Varsamos Stamatis, Nebel Catherine, Charmantier Guy
Equipe Adaptation Ecophysiologique et Ontogenèse, UMR 5171 UM2-IFREMER-CNRS Génome Populations Interactions Adaptation, Université Montpellier II, cc 092, Place E. Bataillon, 34095 Montpellier cedex 05, France.
Comp Biochem Physiol A Mol Integr Physiol. 2005 Aug;141(4):401-29. doi: 10.1016/j.cbpb.2005.01.013. Epub 2005 Feb 25.
Salinity and its variations are among the key factors that affect survival, metabolism and distribution during the fish development. The successful establishment of a fish species in a given habitat depends on the ability of each developmental stage to cope with salinity through osmoregulation. It is well established that adult teleosts maintain their blood osmolality close to 300 mosM kg(-1) due to ion and water regulation effected at several sites: tegument, gut, branchial chambers, urinary organs. But fewer data are available in developing fish. We propose a review on the ontogeny of osmoregulation based on studies conducted in different species. Most teleost prelarvae are able to osmoregulate at hatch, and their ability increases in later stages. Before the occurrence of gills, the prelarval tegument where a high density of ionocytes (displaying high contents of Na+/K+-ATPase) is located appears temporarily as the main osmoregulatory site. Gills develop gradually during the prelarval stage along with the numerous ionocytes they support. The tegument and gill Na+/K+-ATPase activity varies ontogenetically. During the larval phase, the osmoregulatory function shifts from the skin to the gills, which become the main osmoregulatory site. The drinking rate normalized to body weight tends to decrease throughout development. The kidney and urinary bladder develop progressively during ontogeny and the capacity to produce hypotonic urine at low salinity increases accordingly. The development of the osmoregulatory functions is hormonally controlled. These events are inter-related and are correlated with changes in salinity tolerance, which often increases markedly at the metamorphic transition from larva to juvenile. In summary, the ability of ontogenetical stages of fish to tolerate salinity through osmoregulation relies on integumental ionocytes, then digestive tract development and drinking rate, developing branchial chambers and urinary organs. The physiological changes leading to variations in salinity tolerance are one of the main basis of the ontogenetical migrations or movements between habitats of different salinity regimes.

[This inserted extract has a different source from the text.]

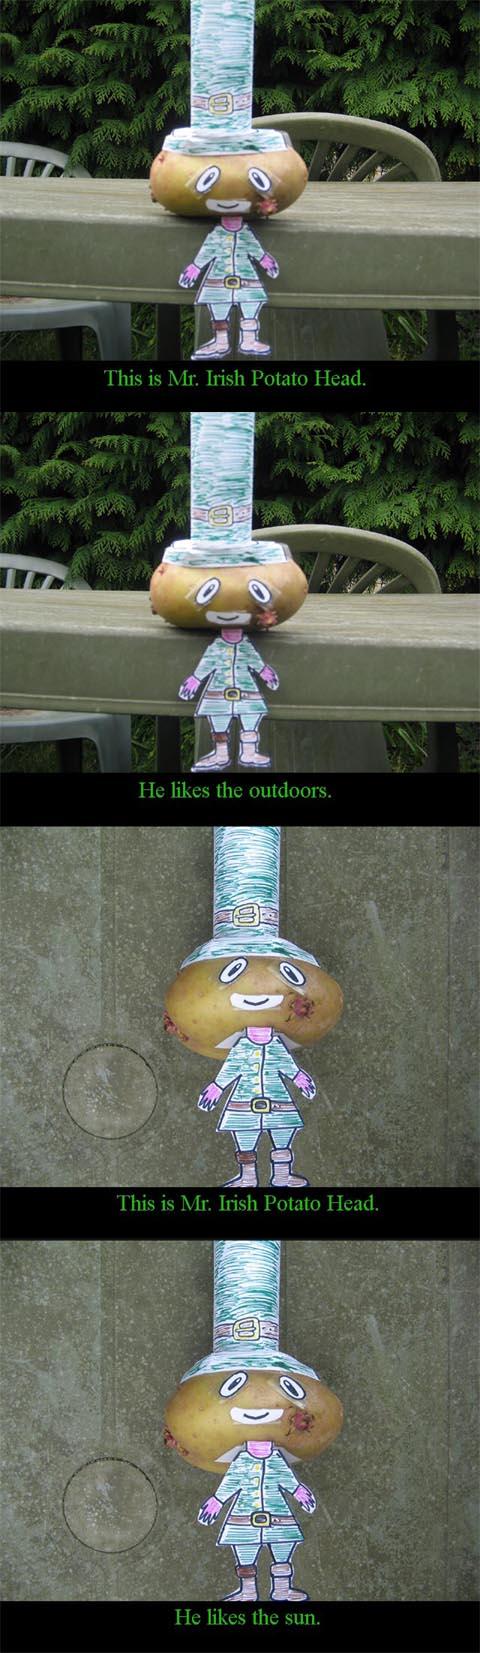 This is Mr. Irish Potato Head by Judan

盐度及其变化是影响鱼类发育过程中生存、代谢和分布的关键因素之一。一个鱼类物种能否在特定栖息地成功立足,取决于其各个发育阶段通过渗透调节来应对盐度的能力。众所周知,成年硬骨鱼通过在多个部位(体表、肠道、鳃腔、泌尿器官)进行离子和水分调节,使其血液渗透压维持在接近300 mosM kg(-1) 的水平。但关于发育中的鱼类,相关数据较少。我们基于对不同物种的研究,对渗透调节的个体发育进行综述。大多数硬骨鱼幼体在孵化时就能进行渗透调节,且其能力在后期会增强。在鳃出现之前,幼体体表因存在高密度的离子细胞(显示出高含量的钠钾ATP酶)而暂时成为主要的渗透调节部位。幼体阶段鳃会逐渐发育,并伴随着众多支持它们的离子细胞。体表和鳃的钠钾ATP酶活性在个体发育过程中会发生变化。在幼体期,渗透调节功能从皮肤转移到鳃,鳃成为主要的渗透调节部位。以体重标准化后的饮水率在整个发育过程中趋于下降。肾脏和膀胱在个体发育过程中逐渐发育,在低盐度下产生低渗尿液的能力也相应增加。渗透调节功能的发育受激素控制。这些事件相互关联,并与盐度耐受性的变化相关,盐度耐受性通常在从幼体到幼鱼的变态过渡阶段显著增加。总之,鱼类个体发育阶段通过渗透调节耐受盐度的能力依赖于体表离子细胞,然后是消化道发育和饮水率、发育中的鳃腔和泌尿器官。导致盐度耐受性变化的生理变化是不同盐度环境栖息地之间个体发育迁移或移动的主要基础之一。